There are lots of folks with tons of T4/T3 experience, so hopefully they will chime in soon.


----------



## sjmjuly (Mar 23, 2012)

I took Levothroid first and it did the same thing to me. I am starting to think maybe I don't need meds yet. I am taking Thytrophin which is a thyroid supplement. I truely believe my gluten intolerance is why I have Hashimotos and that my thyroid was fine before my antibodies started beating it up. I am gluten free now, but just taking the Thytrophin wasn't getting rid of my symptoms. That's why I started the NT. Maybe I jumped the gun and didn't give the Thytrophin enough time, or maybe I really only need a very, very low dose of the NT. I seem to do better when I just take 1/8 of a grain which is about 8mcgs. This is such a guessing game in the beginning. I went to the lab this morning for two more antibody tests. Hopefully in a couple of days I will know where I am at and if they are improving or not.


----------



## webster2 (May 19, 2011)

I have heard chewing the Nature-Throid gets the medication into your body quicker. I just swallow mine, and have yet to notice the T3 kick in. I am still living in the slow lane! I am sure someone will be along with some real info! Best to you!


----------



## sjmjuly (Mar 23, 2012)

Funny you should say that! I heard chewing it gets it in your system faster and that's exactly what I did! WOW. Talk about starting your engine. I was off to the races in no time!


----------



## joplin1975 (Jul 21, 2011)

Just saying this as a friendly reminder...

Don't forget to ask follow up questions about that ultrasound. My labs were very similar to yours, except my TPO was a bit more elevated. In between the time I got an "indicative of Hashi's" report from my endo and my results from the FNA, I took 50mcgs of Synthroid and nearly lost my mind. As my husband, "Wow, so this is what its like to live with a meth addict!"

It *was* Hashi's but it was also cancer. My thyroid was such a hot mess that I'm convinced no matter what medication I was on, I'd feel wired.


----------



## sjmjuly (Mar 23, 2012)

joplin1975 said:


> Just saying this as a friendly reminder...
> 
> Don't forget to ask follow up questions about that ultrasound. My labs were very similar to yours, except my TPO was a bit more elevated. In between the time I got an "indicative of Hashi's" report from my endo and my results from the FNA, I took 50mcgs of Synthroid and nearly lost my mind. As my husband, "Wow, so this is what its like to live with a meth addict!"
> 
> It *was* Hashi's but it was also cancer. My thyroid was such a hot mess that I'm convinced no matter what medication I was on, I'd feel wired.


Joplin,
Did you have any noticible inflammation?
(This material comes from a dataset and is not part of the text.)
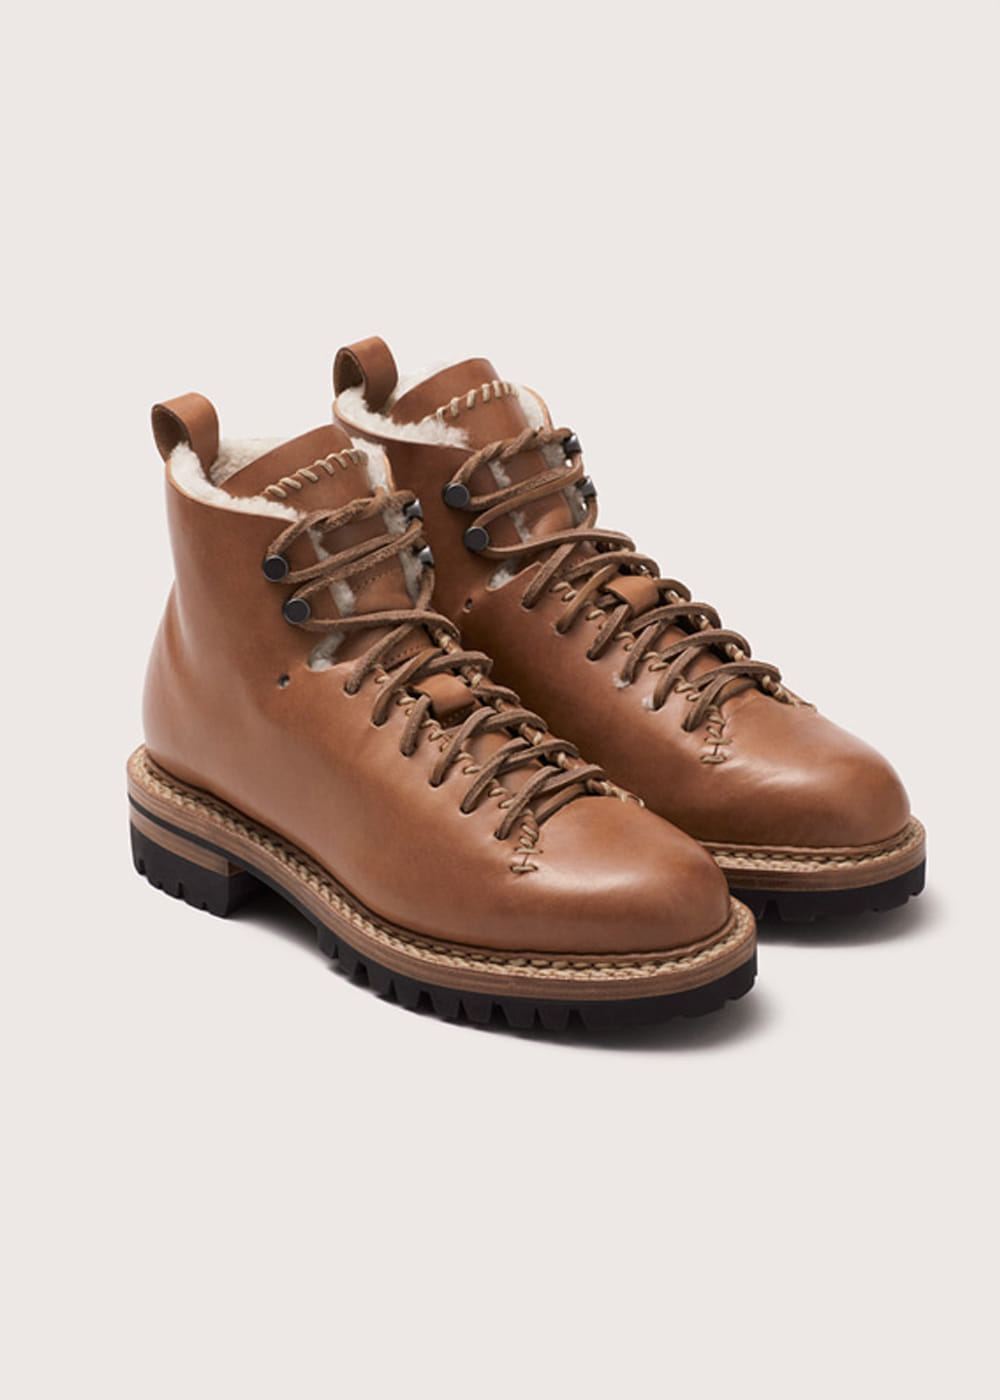 Whips Stitch Hiker with Wool - Tan
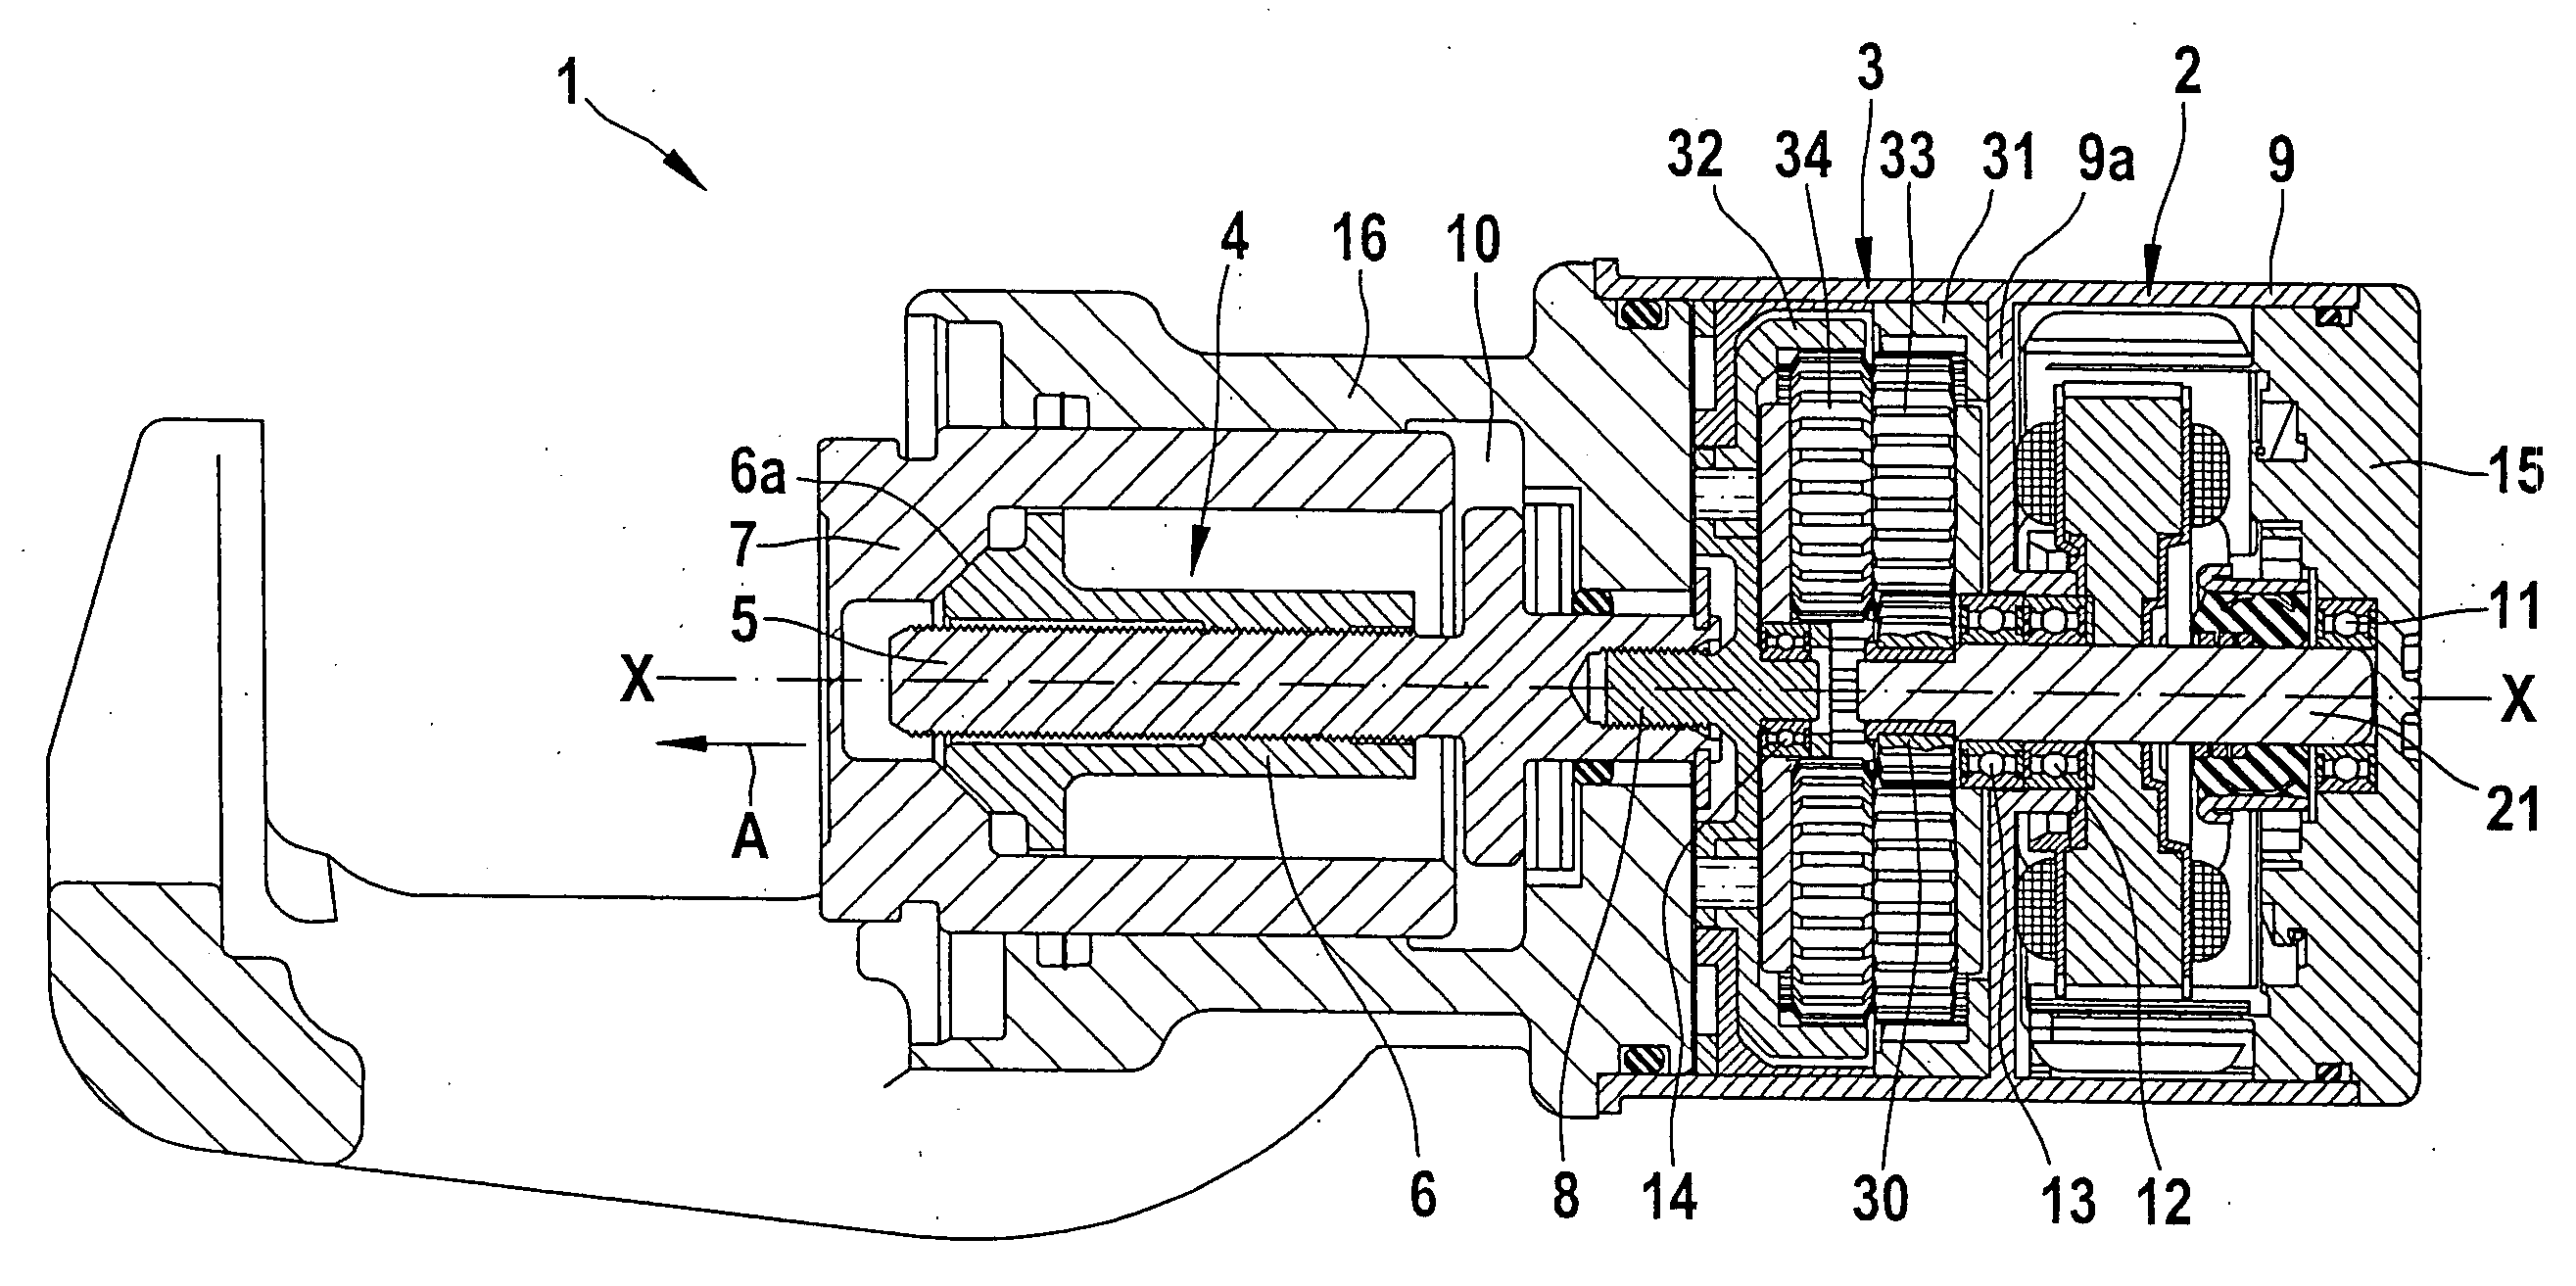 Combined service and parking brake apparatus and method for executing an emergency braking action

What symptoms did you have?


----------



## joplin1975 (Jul 21, 2011)

Yes, my GYN was the one who found that my thyroid was enlarged. That said, it wasn't VERY noticeable. My husband, brother-in-law and sister-in-law are all PAs and I see them regularly -- none of them noticed until after my GYN did. The part that was noticeable was the largest tumor -- 3.2 cms. The other four tumors could not be seen or palpitated easily.
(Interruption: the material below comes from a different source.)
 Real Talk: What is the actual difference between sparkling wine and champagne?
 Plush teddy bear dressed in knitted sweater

At the time I considered myself completely asymptomatic. I ran 20 miles a week, rode horses, and did boot camp-style training workouts. Now that the thyroid is removed and things are settling down, I realize I had muscle/joint pain, fatigue, and bouts of constipation and diarrhea (formerly diagnosed as IBS).


----------



## sjmjuly (Mar 23, 2012)

I am going to insist on an ultrasound. All the docs that I have seen have said there isn't any inflammation, but I don't trust them. I have had CT scans, an MRI, so much blood taken out of me I am surprised I am walking around still and saliva test to check my cortisol levels. The only thing that came back weird was my thyroid numbers. The other weird thing is that my TSH has decreased over the past 4 yrs. In 2008 it was 4.62, in 2011 it was 4.4 and now it's 3.9. I have been having symptoms for a year and blamed them on perimenopause as I am 49. I started out having panic attacks and anxiety along with nausea. Those are pretty much gone, but now I just feel like crap. I think it's because my T3 & T4 levels are in range, but on the very low side. AND my TPO at last check was 439. But with that said, I have had gut issues for YEARS. Horrible heartburn especially after eating wheat anything. Big surprise. I hope I don't have cancer,,,,


----------



## Andros (Aug 26, 2009)

sjmjuly said:


> I am new to Hashi's and just started taking a very small dose of Nature Throid Saturday. I take 1/8 of a grain at night and 1/4 grain in the morning for a total of 24mcgs. Did great Saturday/Sunday, so so Monday and then this morning,,,,,YIKES. I chewed the 1/4 grain at 4:45 this morning and holy cow, about an hour later I was climbing the walls and had to take an Ativan! For all of you taking meds, is this normal when you first start? I am taking such a low dose I am surprised it's doing this to me. I finally relaxed, but here I am at work just "speeding along"! Is this normal at first?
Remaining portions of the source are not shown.